Windows supports an additional path type that wasn’t present in MS-DOS: device paths for canonical device names and mapped drives[1]. These come in two flavors: normalized and extended (literal). The prefix for a normalized device path is “\\.\” (e.g. “\\.\C:”), and the prefix for an extended device path is “\\?\” (e.g. “\\?\UNC\server\share”). Opening a volume device requires the use of a device path. For example, “C:” gets resolved relative to the working directory on the drive, while “\\.\C:” is an absolute path for the volume.

Path normalization applies to all path types when opened, except for “\\?\” extended (literal) paths. Normalization replaces forward slashes with backslashes, removes repeated slashes, resolves “.” and “..” components, and removes trailing spaces and dots from the final component. Normalized paths may be limited toMAX_PATH (260) characters, or sometimes less. The native NT limit of about 32760 characters is possible if long normalized paths are enabled for both the system and the application. (Python 3.6+ enables long paths, but it still depends on the system setting.) Using an extended path allows reliable access to long paths up to about 32760 characters, but one has to be careful to first normalize the path viaGetFullPathNameW() (i.e.os.path.abspath()).


  1. The current directory is not documented to support device paths, even if they’re for a filesystem directory such as “\\?\C:\Windows”. It may seem to work, but the API isn’t tested to support it, and it has serious bugs that result in nonsense paths.↩︎

3 Likes

That’s an awesome summary, Eryk – I think I knew all of the MS-DOS flavors but the device paths are new to me (and what confused me in the discussion).

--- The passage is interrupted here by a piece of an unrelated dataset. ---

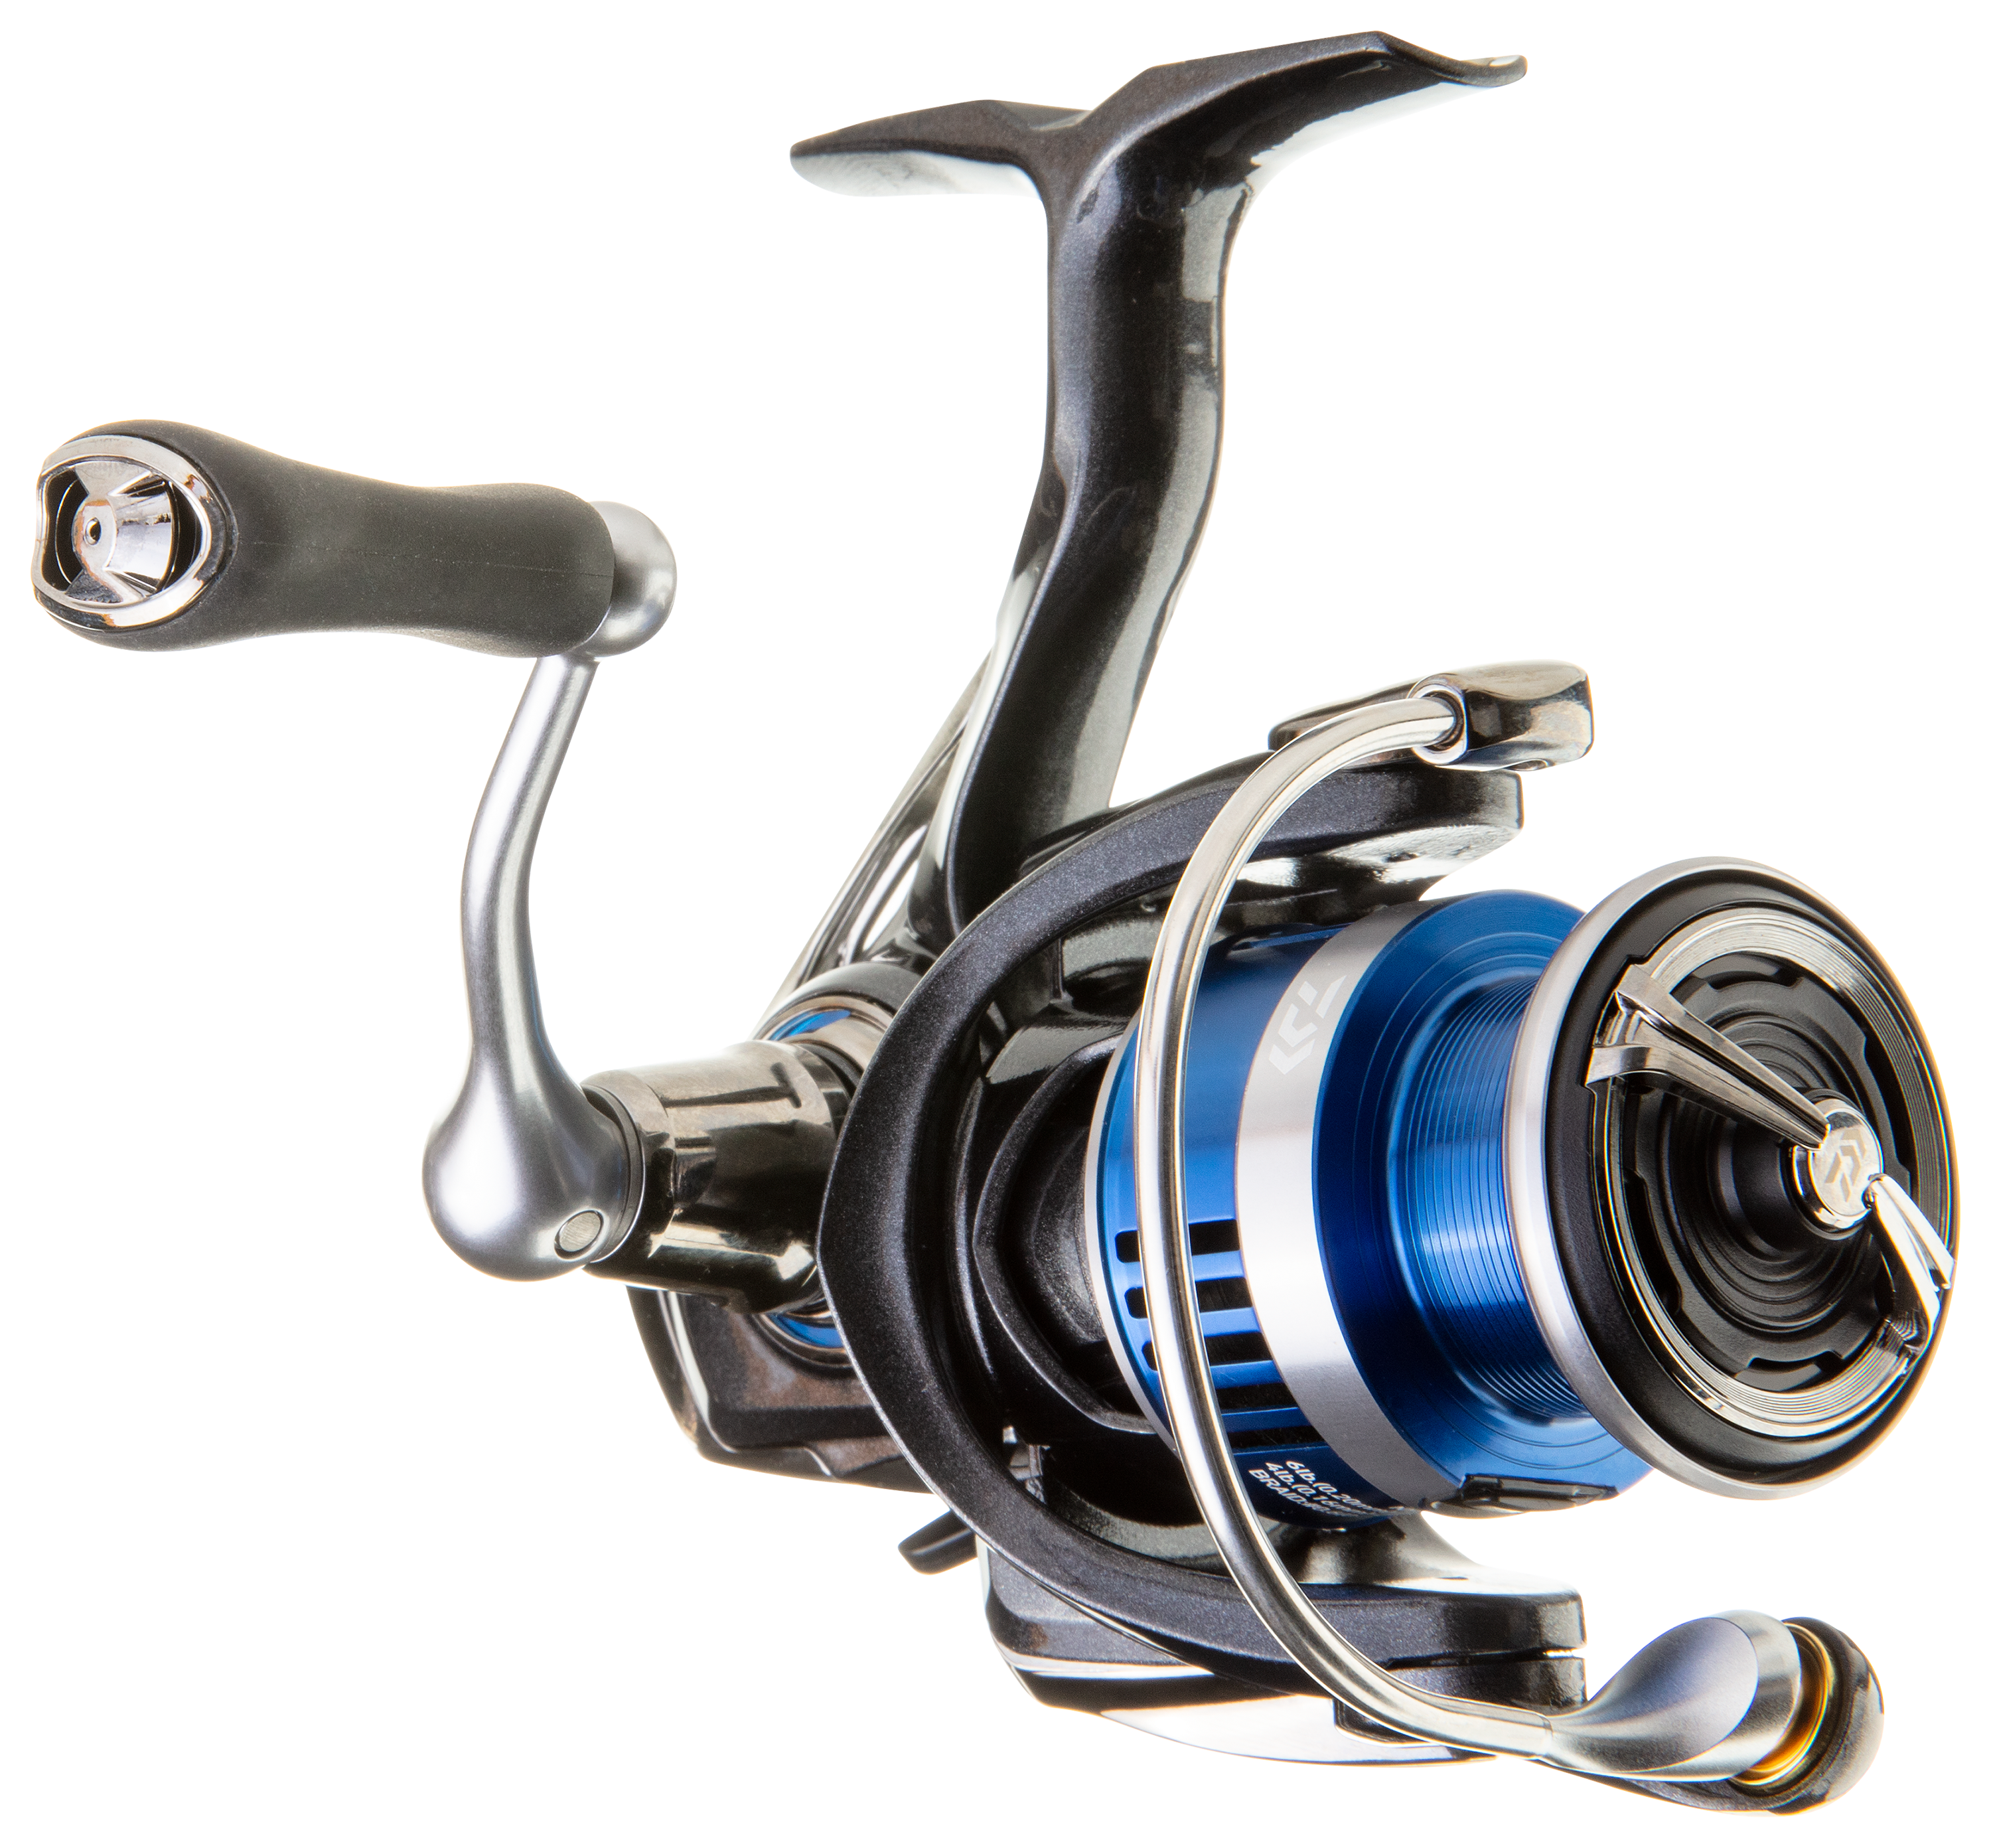 Daiwa 19 Certate LT 4000-CXH Left and Right 6.2:1 Spinning Fishing Reel  W/Box

I guess there are also some additional wrinkles like case normalization, things like NUL (what’s the list of those?), and long vs. short (8+3 IIRC) paths. Also code pages, character sets, UTF-16.

Guido van Rossum:

things like NUL (what’s the list of those?)

https://github.com/python/cpython/blob/main/Lib/pathlib.py#L33-L39

Guido van Rossum:

I guess there are also some additional wrinkles like case normalization, things like NUL (what’s the list of those?), and long vs. short (8+3 IIRC) paths. Also code pages, character sets, UTF-16.

  • In the internal NT API, filenames are 16-bit Unicode strings. It’s not strictly UTF-16 because surrogate codes are not validated as surrogate pairs.
  • The API also does not normalize filenames to a particular Unicode normal form (e.g. “NFC” or “NFKC”).
  • If a filesystem directory is case insensitive, name comparisons first translate to upper case using a locale-invariant case table. One-to-many case conversions are not supported (e.g. “ß” maps to “ß”, not to “SS”) .
  • Starting with Windows 10, NTFS supports case-sensitive directories.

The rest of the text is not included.